Pollyanna’s Picks for 2013

Last year around this time you might have seen “Pollyanna’s Picks for 2012”, a list looking “through the rose-coloured glasses of someone who prefers to avoid negativity.”  Had I not been knocked back to the Stone Age by a power failure I would have done this sooner.  Forgive my tardiness, but first I had to celebrate Christmas and then reconnect to the internet.

Anniversary commemorations  It was an odd year celebrating the bicentennials of Richard Wagner and Giuseppe Verdi, the centennial of Benjamin Britten, and the 50th anniversary of the death of Francis Poulenc.  Highlights?

  • The Canadian Opera Company found time for a single opera from each of Wagner, Britten & Poulenc this year.  Although Verdi was allocated two operas neither of them fell during 2013 itself (Il trovatore in the fall of 2012, and Ballo in maschera coming early in 2014): and so he’s absent from my list.  Tristan, Peter Grimes, Dialogues des Carmelites all happened in 2013.  The most special event in this group? A toss-up between Tristan and the Carmelites. On the one hand a rejuvenated Ben Heppner, the offbeat video of Bill Viola and especially the  COC orchestra under an inspired Johannes Debus made Wagnerian magic.  But Robert Carsen’s well-traveled Carmelites starring Adrianne Pieczonka and Isabel Bayrakdarian was every bit as powerful.
  • After seeing the high-definition broadcast of the Metropolitan Opera’s Parsifal I’m eager to see this co-production of the Met, Lyon Opera & yes, the COC finally show up here in Toronto, even if it’s unlikely we’ll get a cast to match the dream team onstage at Lincoln Centre.

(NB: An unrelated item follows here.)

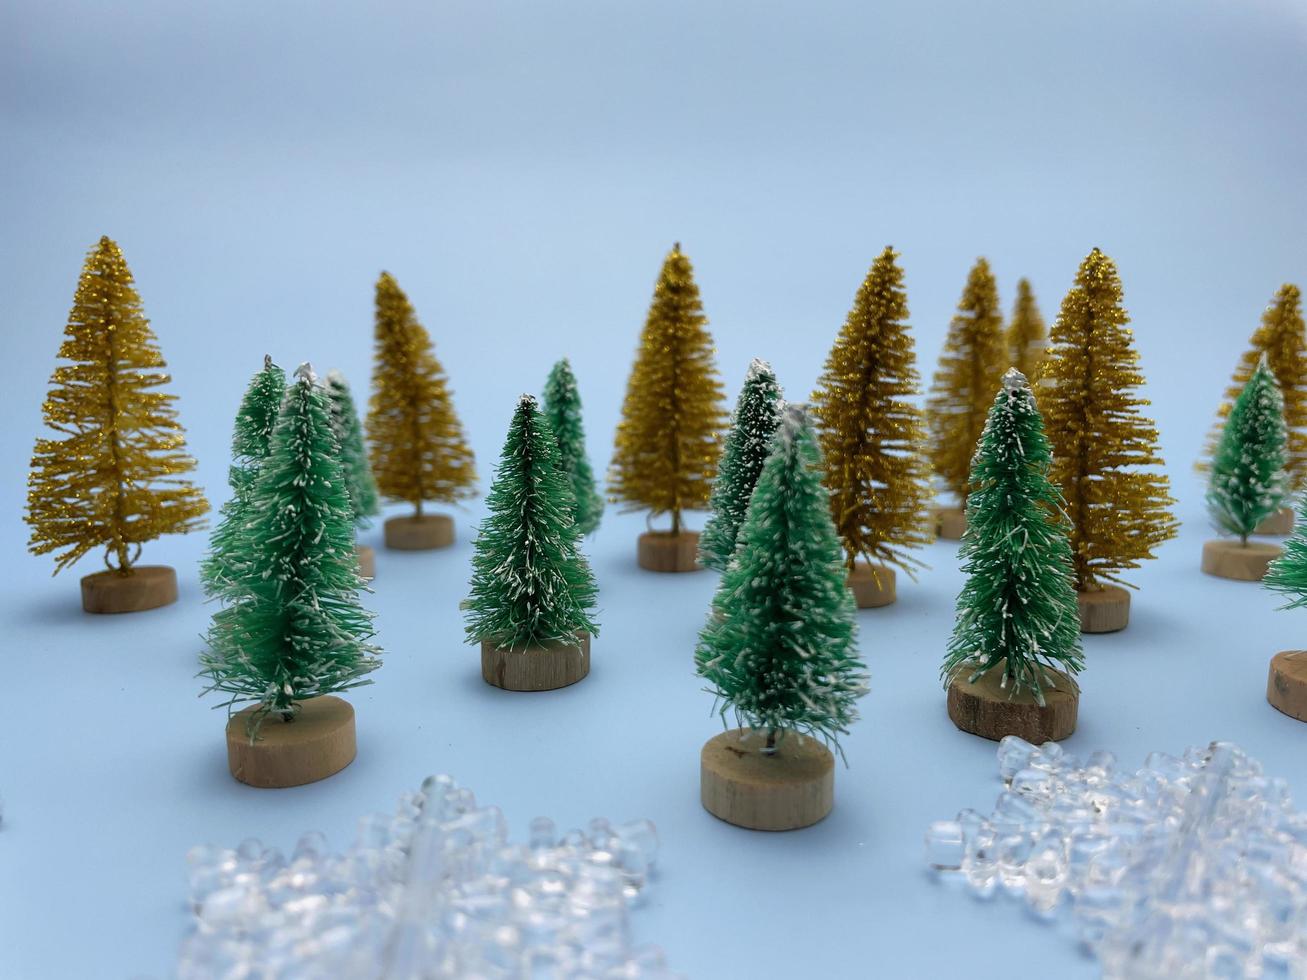 flocons de neige, pins dorés et verts sur fond bleu photo

In a year of anniversaries Paul Kildea’s book Benjamin Britten: A Life in the Twentieth Century seemed to be the most successful book concerning the four commemorated composers (Poulenc, Verdi, Britten & Wagner): a book I did not fully read and didn’t review.  I was most intrigued by two very different books:

  • Thomas Adès’ Full of Noises: Conversations with Thomas Service was a book I couldn’t put down, even if the book was happy to return the favour. Howzat? its chief quality was its readiness to put down other composers.  Wagner was Adès’ most famous target, famously called “a fungus”.  As I observed in one of the pieces I wrote about the book –as I said, I couldn’t put it down—Adès rhetorical stance and dismissive language made for fascinating  reading even if I was fighting it most of the way.
  • I couldn’t put Stuart Hamilton’s Open Windows down either, but for a very different reason.  For starters, the karma is precisely the opposite of Adès, but this is also a fun read, an unavoidable and important book for anyone who cares about Canadian singing & opera.  Hm, time to read it again.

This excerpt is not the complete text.